Available data:
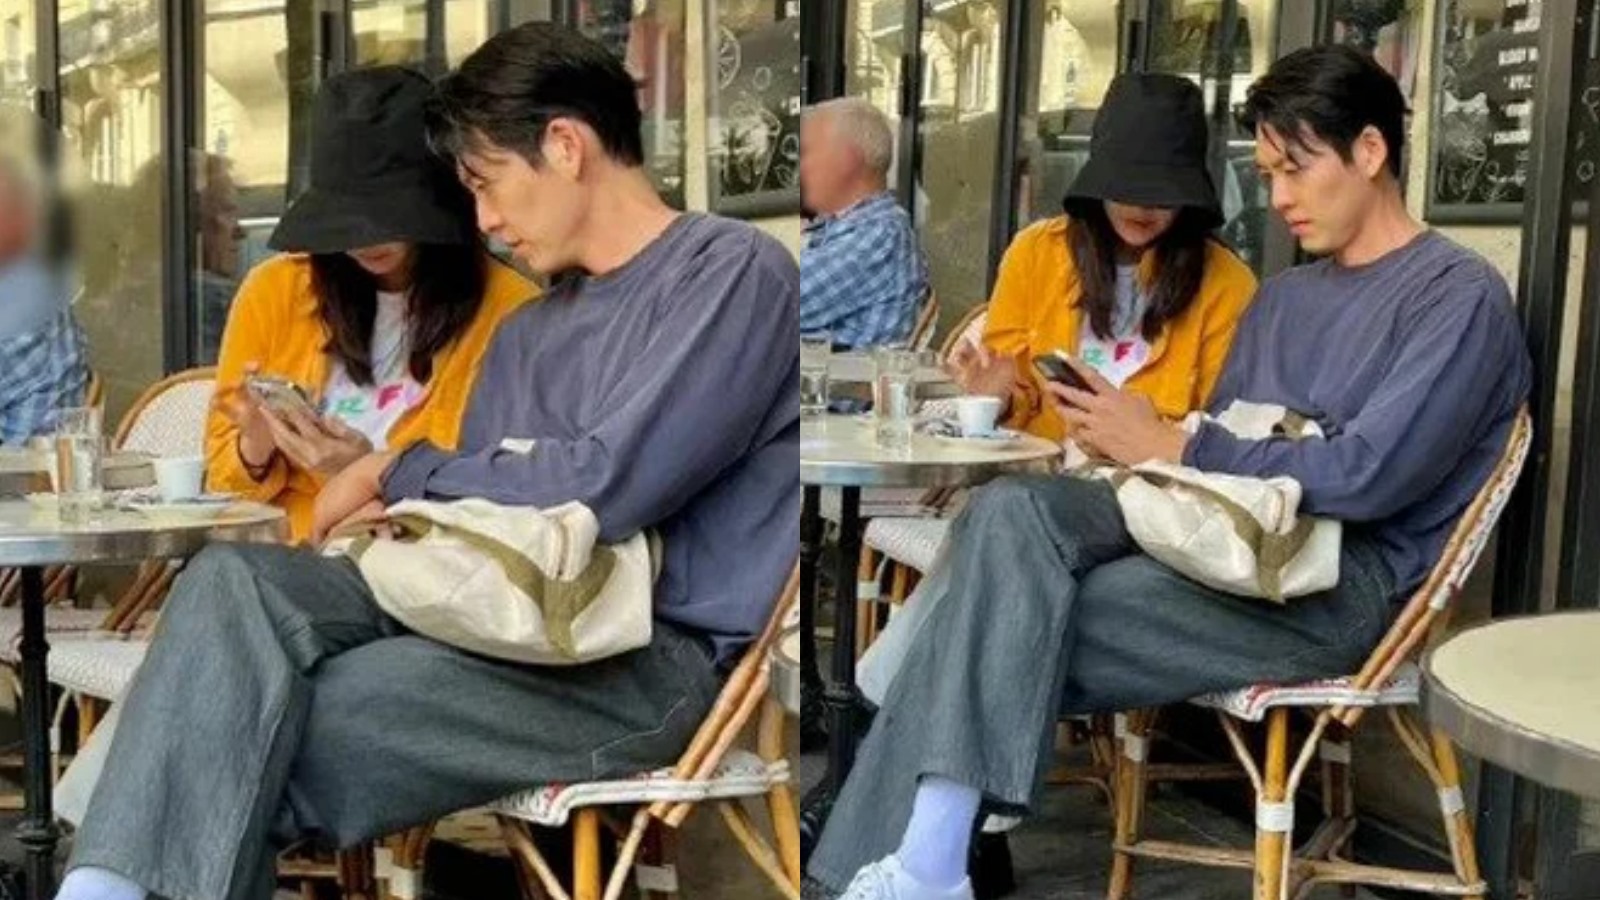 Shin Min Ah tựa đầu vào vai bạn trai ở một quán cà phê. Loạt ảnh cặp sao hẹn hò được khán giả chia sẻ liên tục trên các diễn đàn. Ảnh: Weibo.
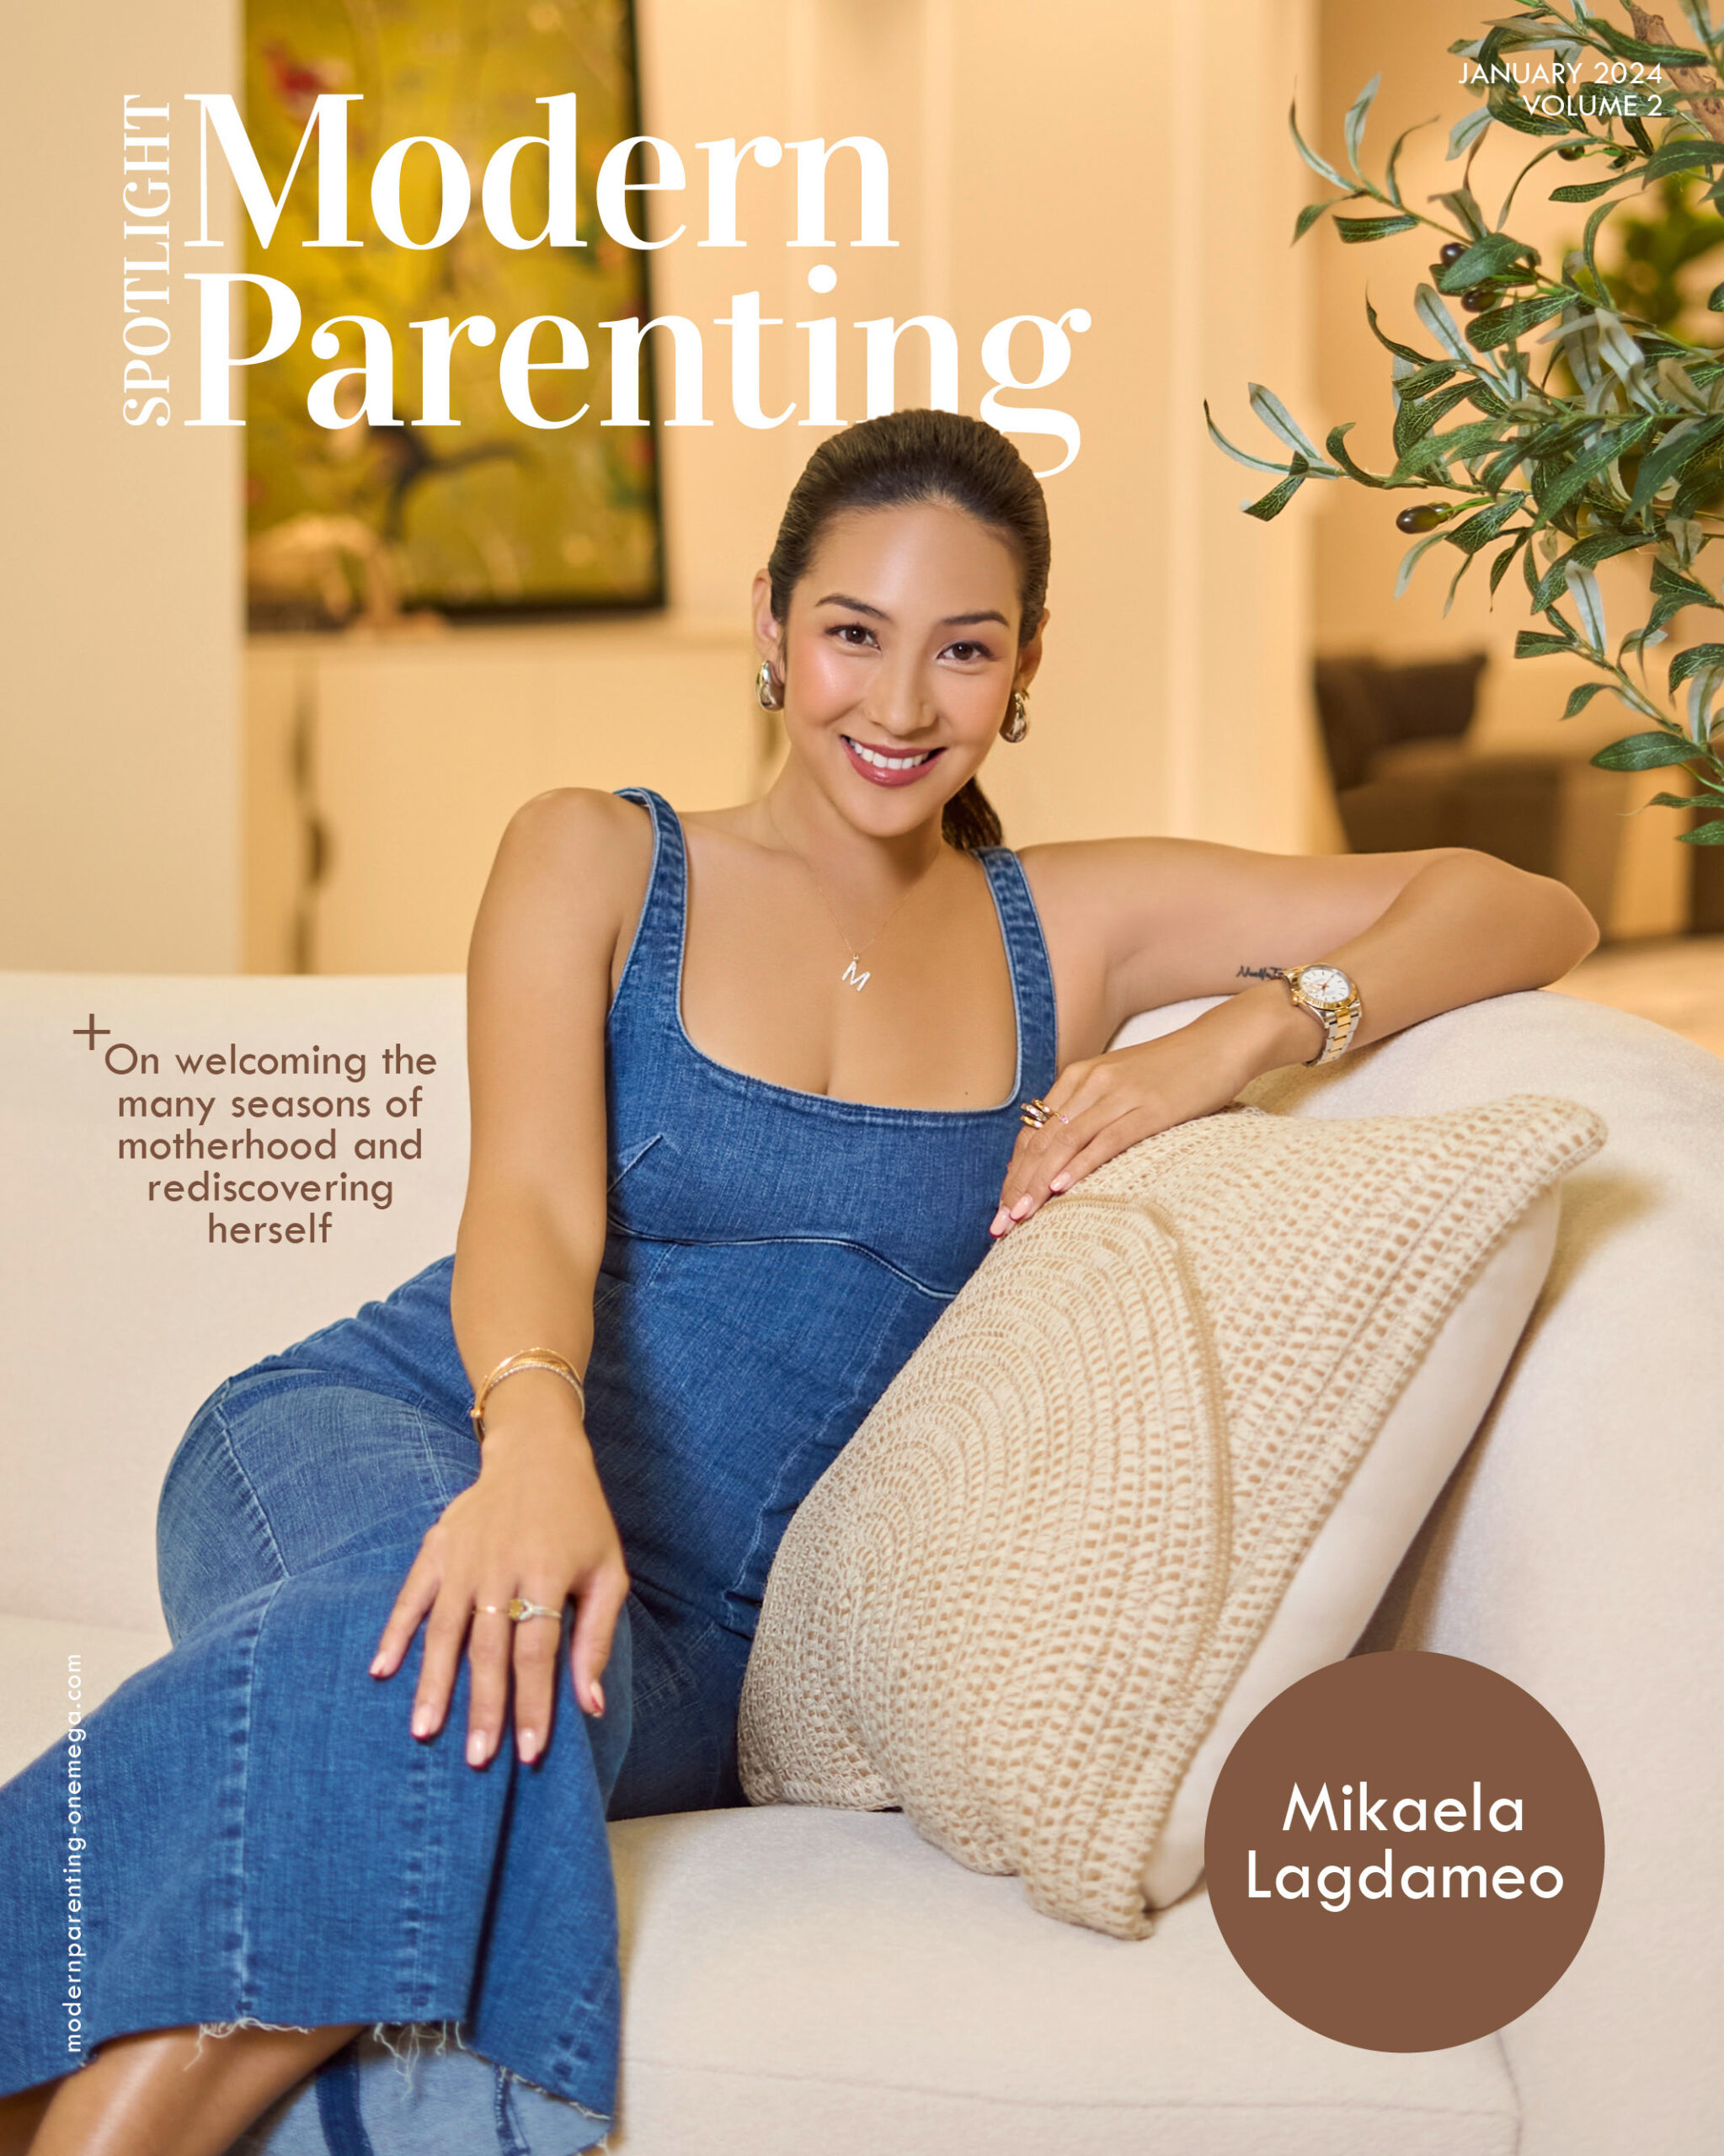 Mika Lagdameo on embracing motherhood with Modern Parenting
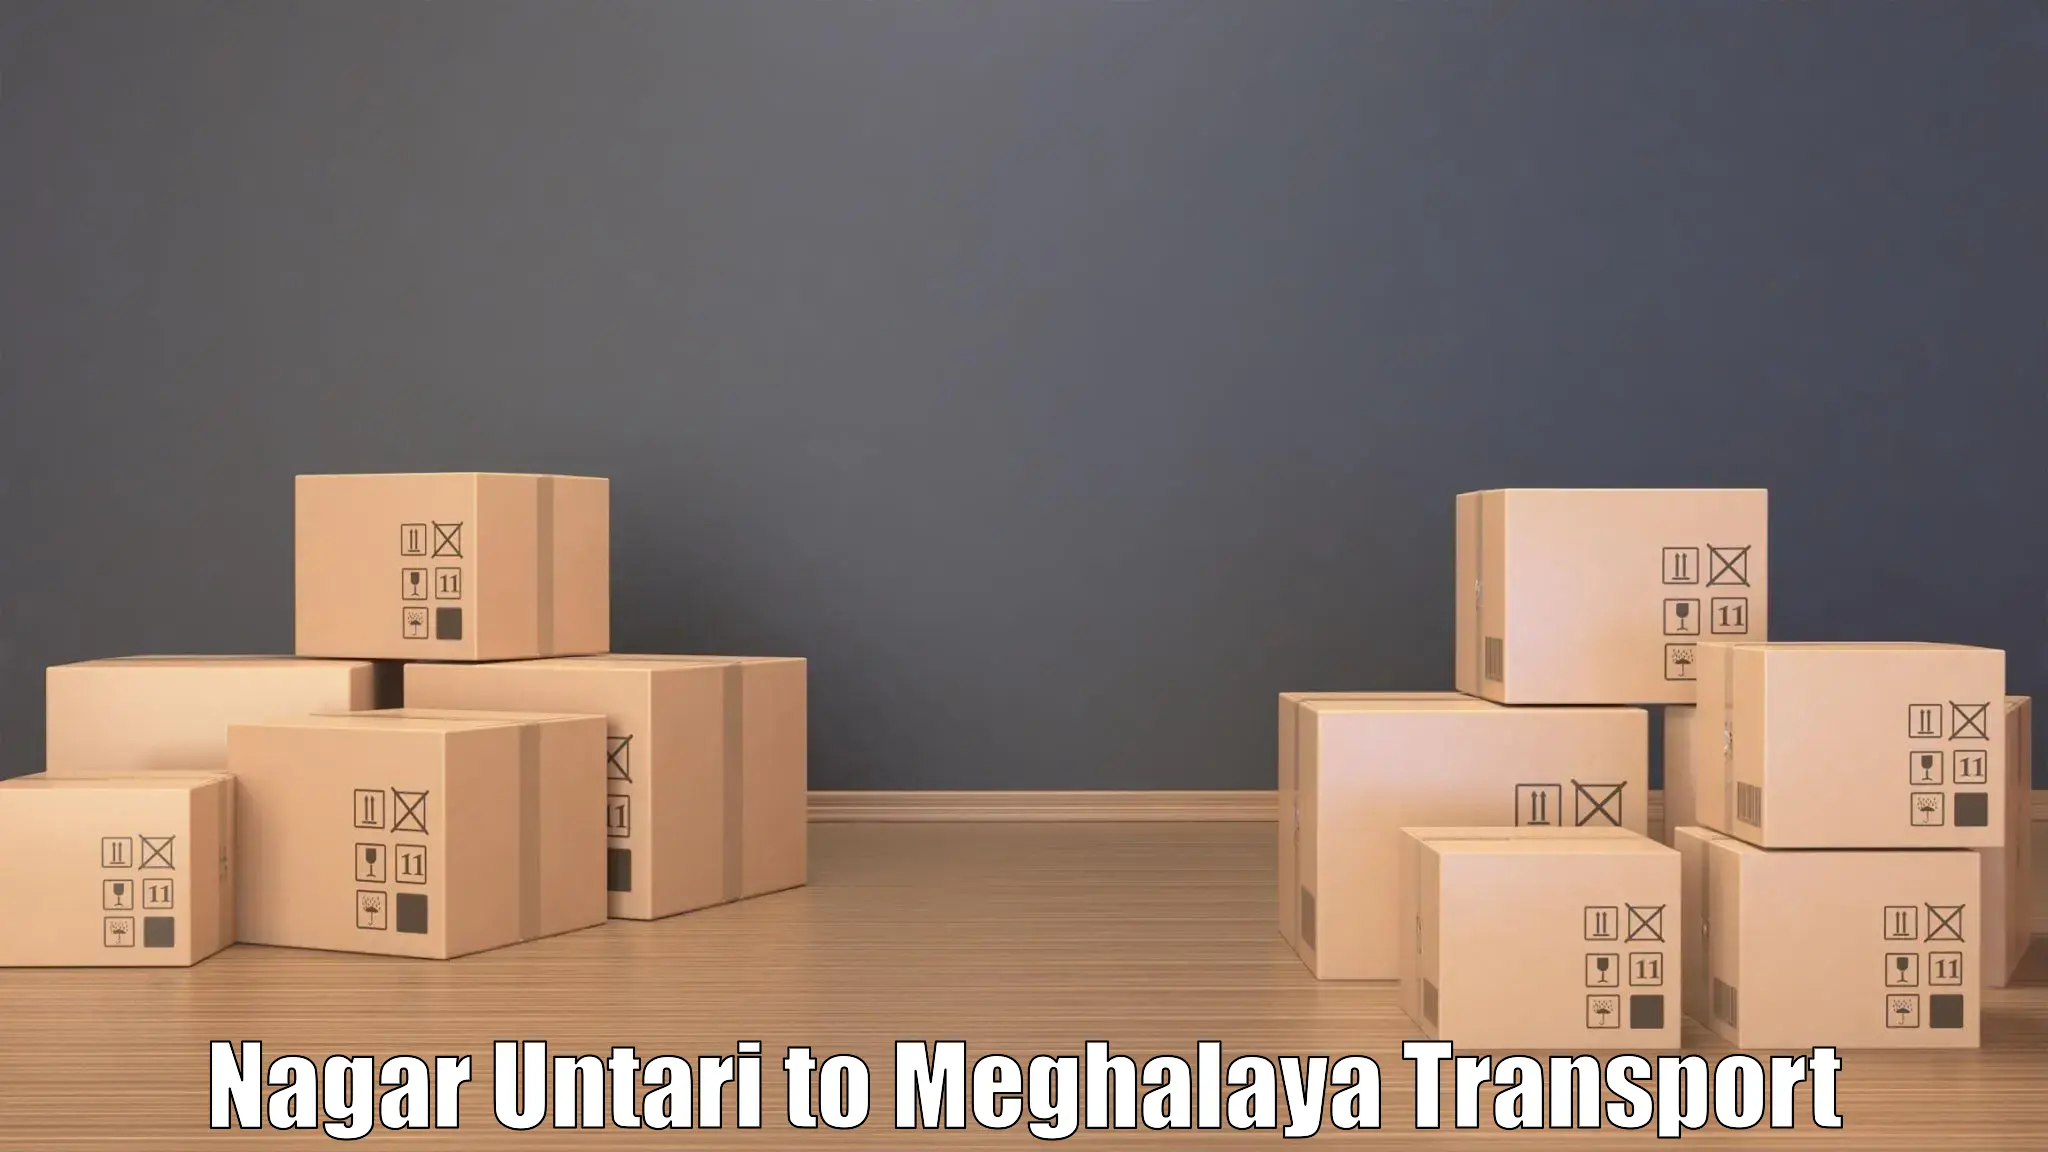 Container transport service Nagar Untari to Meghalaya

Assignment:
Reproduce the listing above exactly, excluding all pictures.

Task response:
 Shin Min Ah tựa đầu vào vai bạn trai ở một quán cà phê. Loạt ảnh cặp sao hẹn hò được khán giả chia sẻ liên tục trên các diễn đàn. Ảnh: Weibo.
 Mika Lagdameo on embracing motherhood with Modern Parenting
 Container transport service Nagar Untari to Meghalaya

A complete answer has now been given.